Step 1: Convert the arviz.InferenceData object to a tidy dataframe

Note that this is the only really novel part of this post - the conversion of the InferenceData object to a tidy dataframe. The rest of the code is just using the plotnine package to plot the data.

Warning

The function below is not very general - it has hard-coded parameter names for example so it won’t work for all models. It would take a bit more work to make it general, but it’s doable!

def make_tidy(idata: az.InferenceData) -> pd.DataFrame:
    """A not very general function to convert an InferenceData object into a tidy
    dataframe."""

    coef_df = (
        idata.posterior[["beta", "intercept"]]
        .to_dataframe()
        .reset_index()
        .rename(columns={"groups": "group"})
    )

    mu_df = idata.predictions["mu"].to_dataframe(name="mu").reset_index()

    const_df = idata.predictions_constant_data.to_dataframe().reset_index()

    mu_df = mu_df.merge(const_df, on="obs_ind", how="left")
    return mu_df.merge(coef_df, on=["chain", "draw", "group"], how="left")


tidy_df = make_tidy(idata)

So let’s use that with our InferenceData object and see what we get out.

chain draw obs_ind mu x group beta intercept
0 0 0 0 1.944707 2.562273 0 0.944191 -0.474568
1 0 0 1 2.265008 2.901507 0 0.944191 -0.474568
2 0 0 2 2.585310 3.240741 0 0.944191 -0.474568
3 0 0 3 2.905611 3.579975 0 0.944191 -0.474568
4 0 0 4 3.225913 3.919209 0 0.944191 -0.474568
... ... ... ... ... ... ... ... ...
319995 3 999 75 12.920041 11.123048 3 0.909456 2.804114
319996 3 999 76 13.436892 11.691356 3 0.909456 2.804114
319997 3 999 77 13.953744 12.259664 3 0.909456 2.804114
319998 3 999 78 14.470595 12.827972 3 0.909456 2.804114
319999 3 999 79 14.987446 13.396280 3 0.909456 2.804114

320000 rows × 8 columns

Well, that’s quite a lot of rows! But the key thing here is that we’ve got both data and parameters into a single tidy dataframe.

Step 2: Plot!

Now we have everything we need to plot the outputs declaratively with plotnine:

p = (
    ggplot(
        tidy_df,
        aes("x", "mu", group="group", color="factor(group)", fill="factor(group)"),
    )
    + stat_summary(
        geom="ribbon",
        fun_ymin=lambda y: np.quantile(y, 0.03),
        fun_ymax=lambda y: np.quantile(y, 0.97),
        alpha=0.20,
        size=0,
    )
    + stat_summary(geom="line", fun_y=np.median, size=1)
    + theme_classic()
    + labs(
        x="x",
        y="y",
        fill="group",
        color="group",
        title=r"Predicted mu with 94% percentile intervals",
    )
    + geom_point(df, aes("x", "y", color="factor(group)"), size=1.6, alpha=0.6)
)
p

So that is certainly not a 1-liner, but it is declarative!

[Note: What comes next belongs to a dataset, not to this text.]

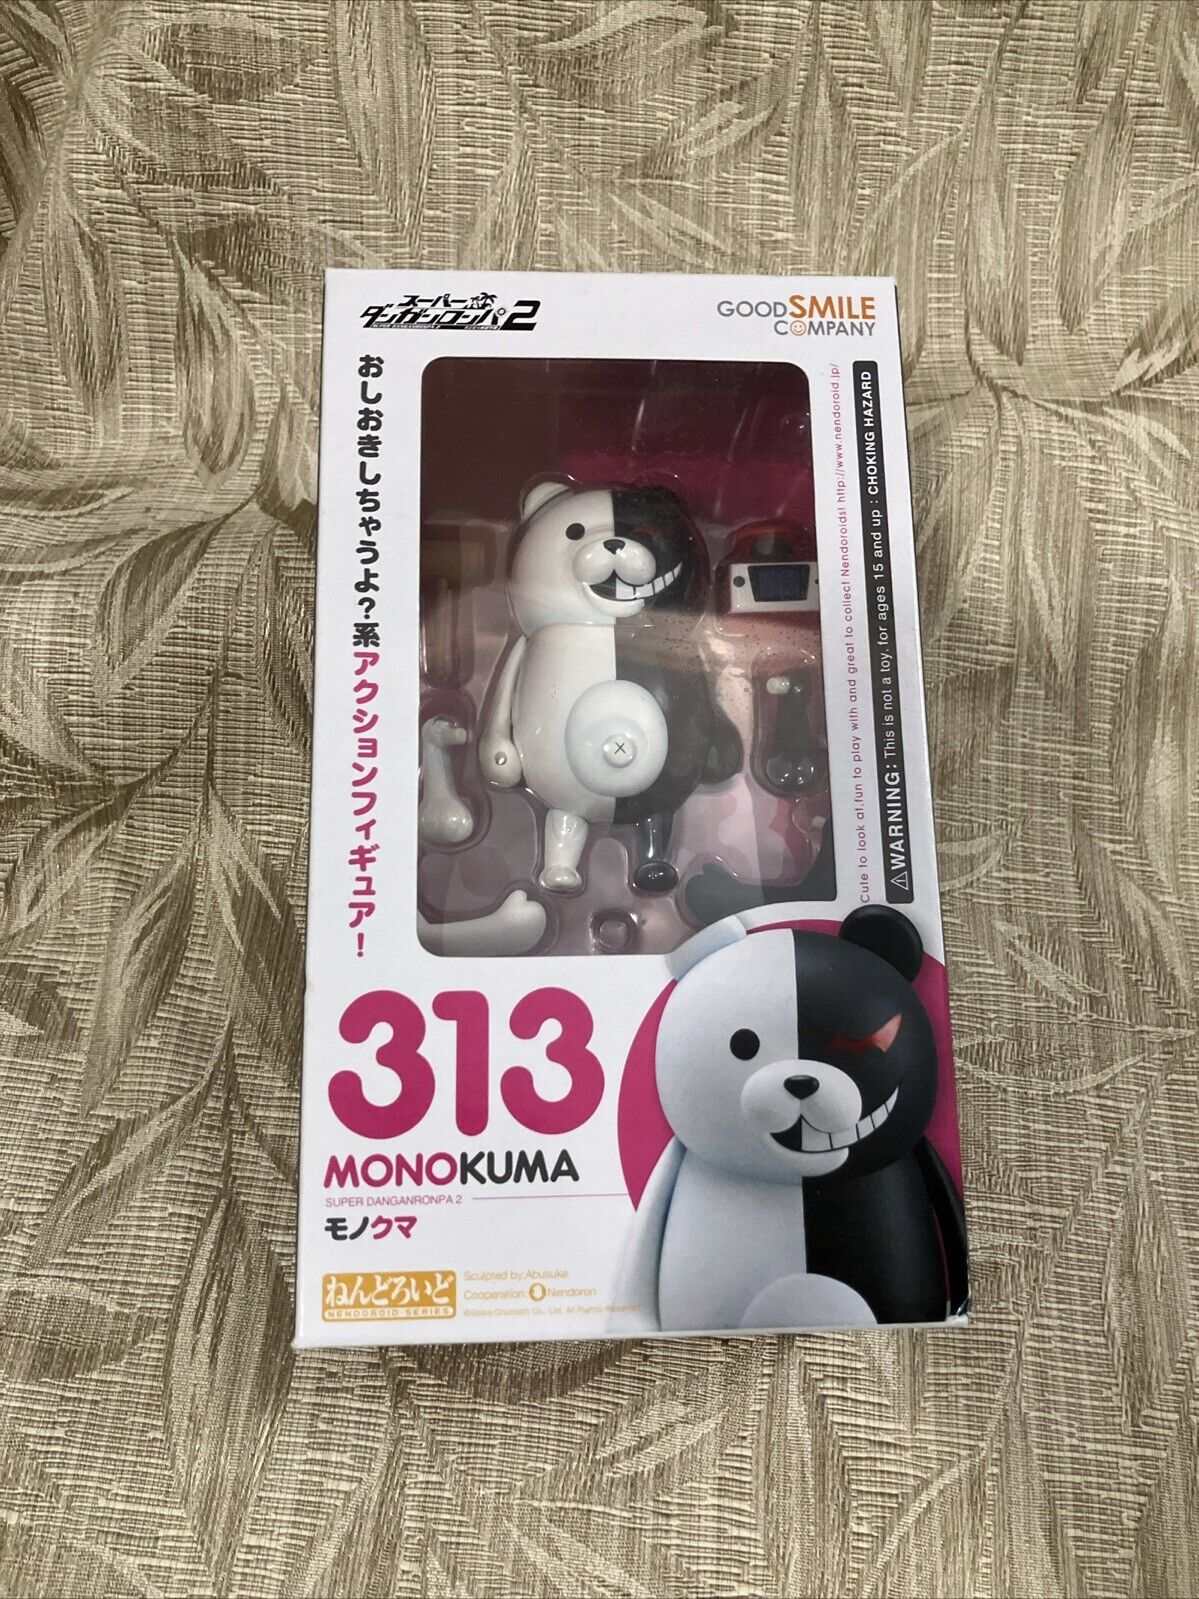 Good Smile Nendoroid #313 Super Danganronpa 2 Monokuma PVC Figure CIB

Every piece of that code relates to what we want to plot.

One advantage you get from this is that it’s much easier to customize the plot because you are in grammar of graphics territory. For example, we can just add a facet_wrap to completely change the pixels being plotted.

p + facet_wrap('group')

And now let’s see how we can plot the posterior distributions of the slopes for each group in parameters space.

(
    ggplot(tidy_df, aes(x="beta", color="factor(group)"))
    + geom_density(alpha=0.2, size=1)
    + theme_classic()
)

Admittedly, these defaults for plotnine are not great. It is totally possible to customize them, but I’m not doing that here.

Summary

This approach will not necessarily lead to plotting complex graphics in a single line of code, but it does allow you to build up plots in a modular way. This is the main advantage of the grammar of graphics approach - you can build up complex graphics from simple components. And the code you are writing is all about what you want to plot, rather than how to wrangle the data. This is a big difference in terms of mental model and can make it easier to understand what is going on.

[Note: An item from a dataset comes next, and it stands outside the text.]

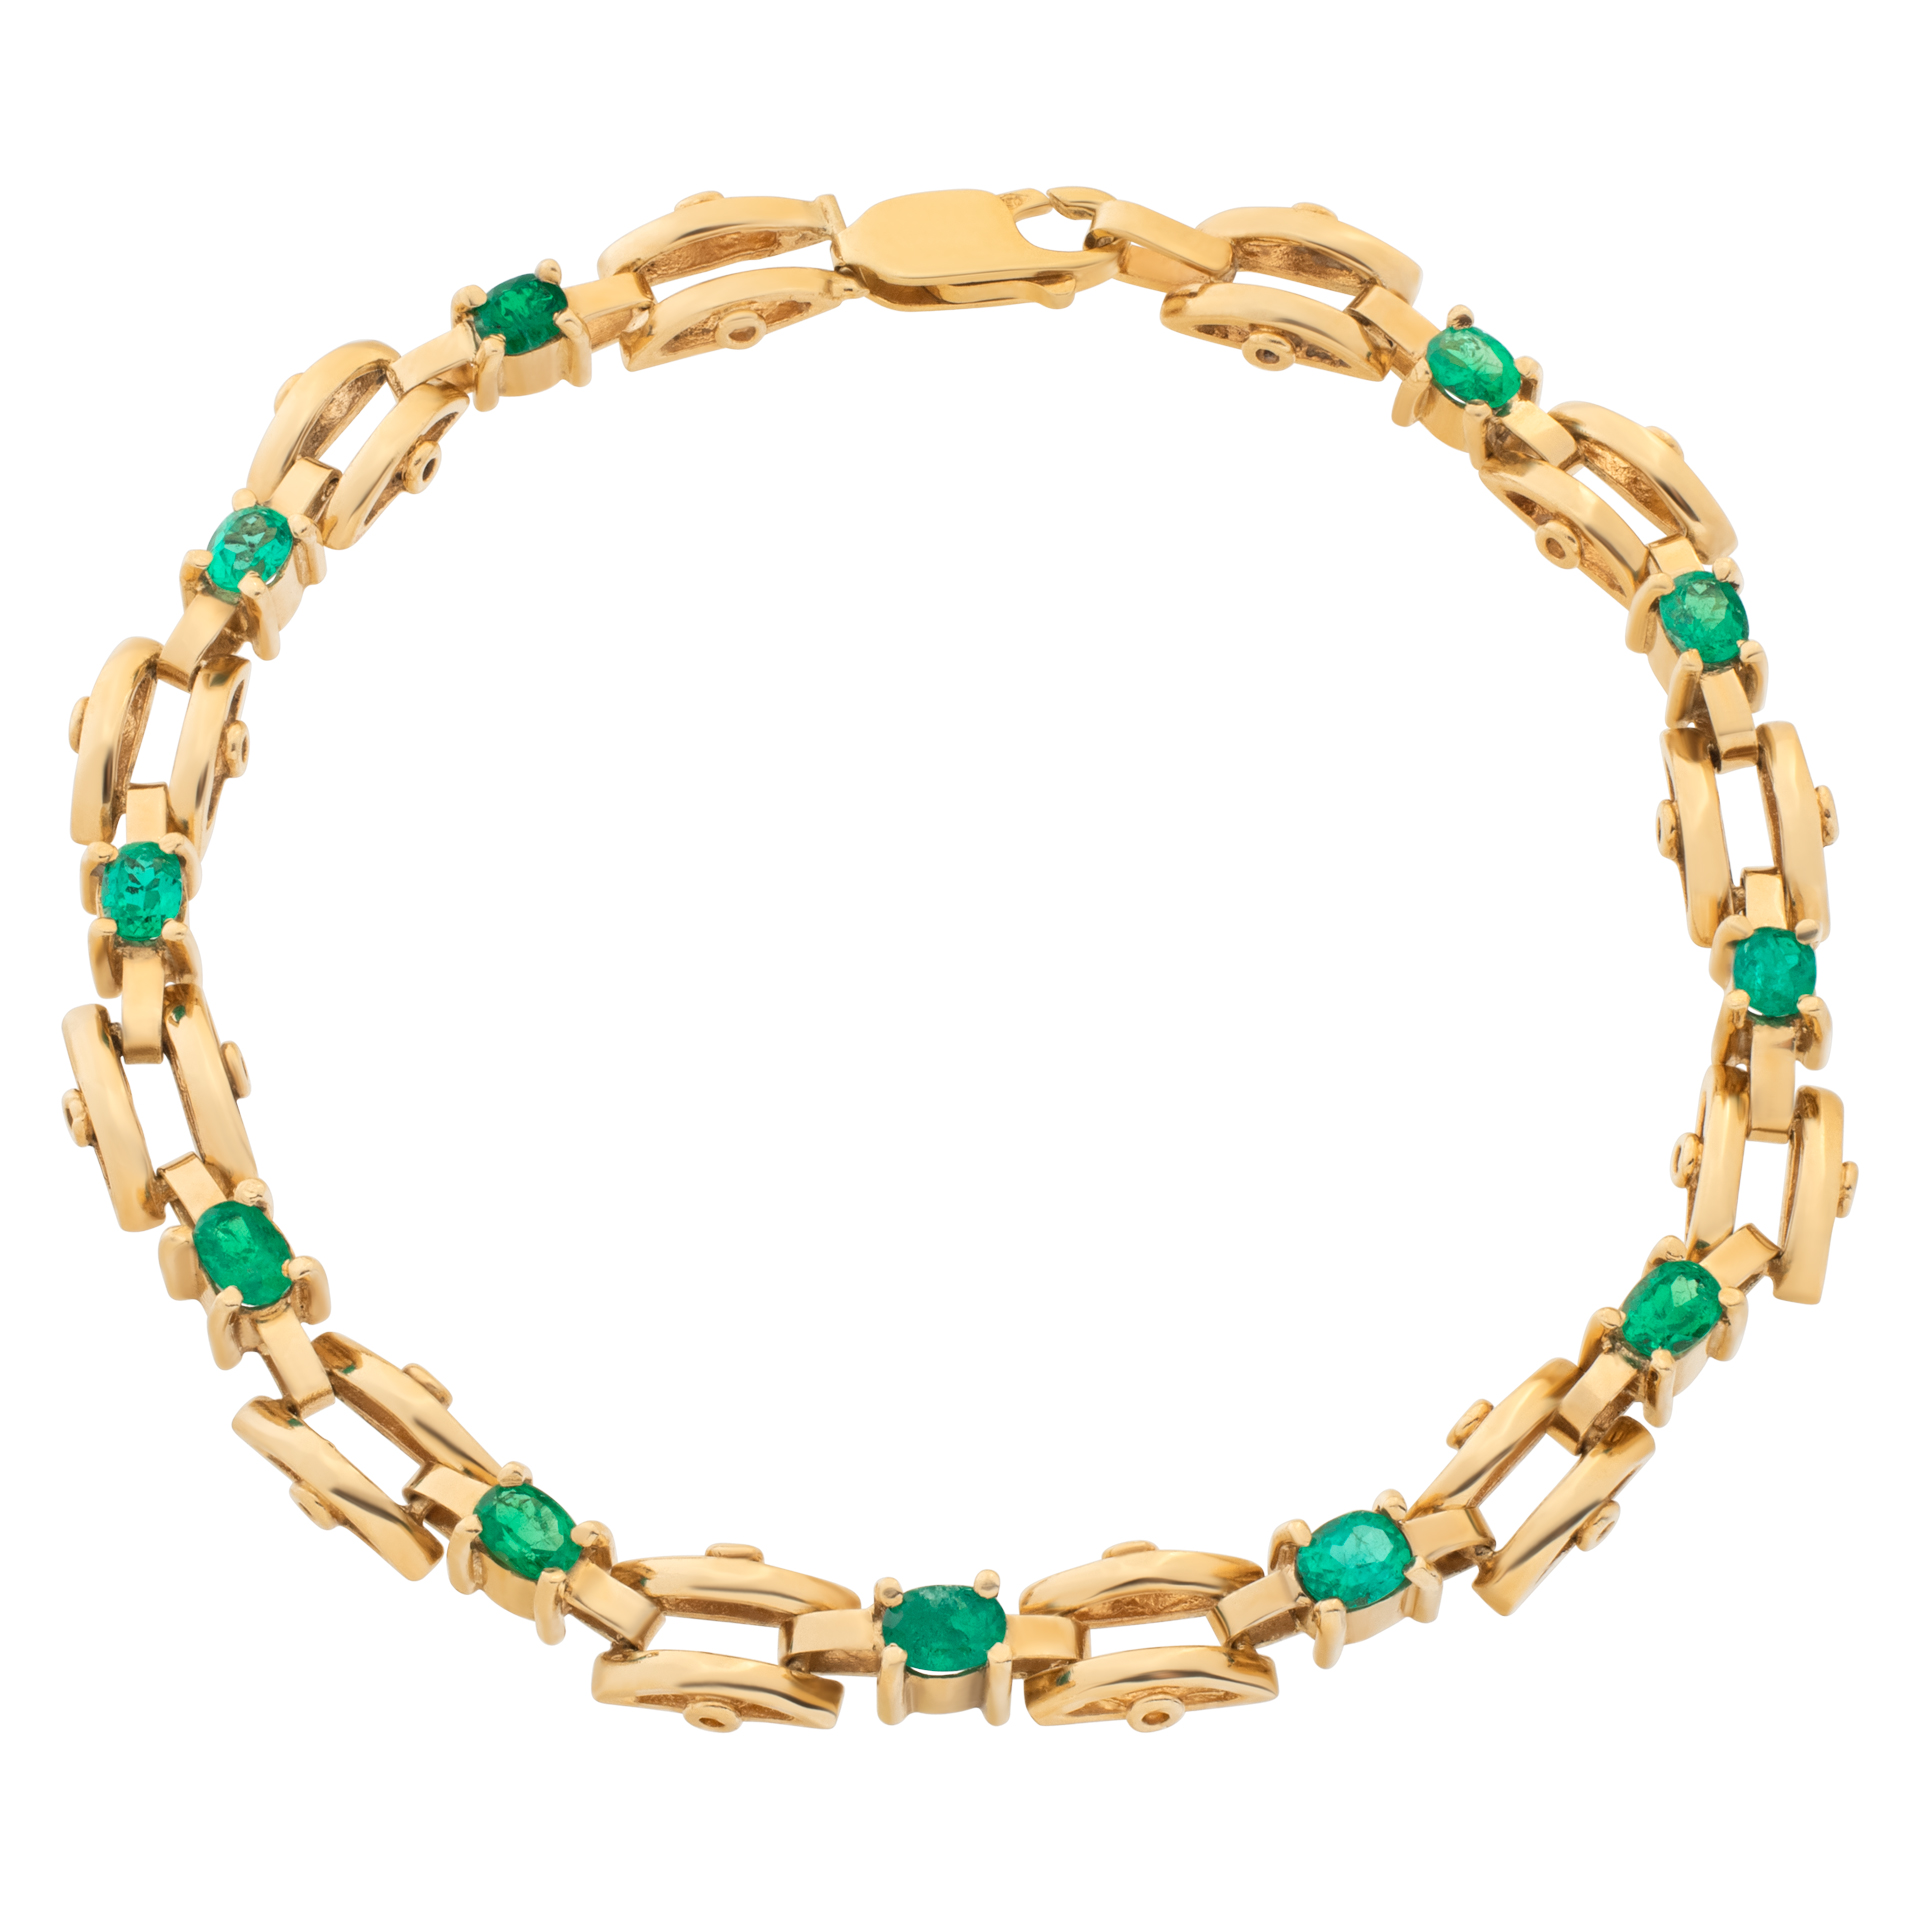 Beautiful 18k yellow gold bracelet with oval cut emeralds

Some people may love this, some may be indifferent, some may hate it. Either way, the main point I am making in this blog post is: if you want to to do Bayesian model data viz in a different way, you can do that in Python.

Readers should note that you’ve been able to do this in R for a while now with the ggplot2 and tidybayes packages. It would be interesting to see if this approach is appealing to people. We could even build more geoms and stats or use other grammar of graphics based pagages.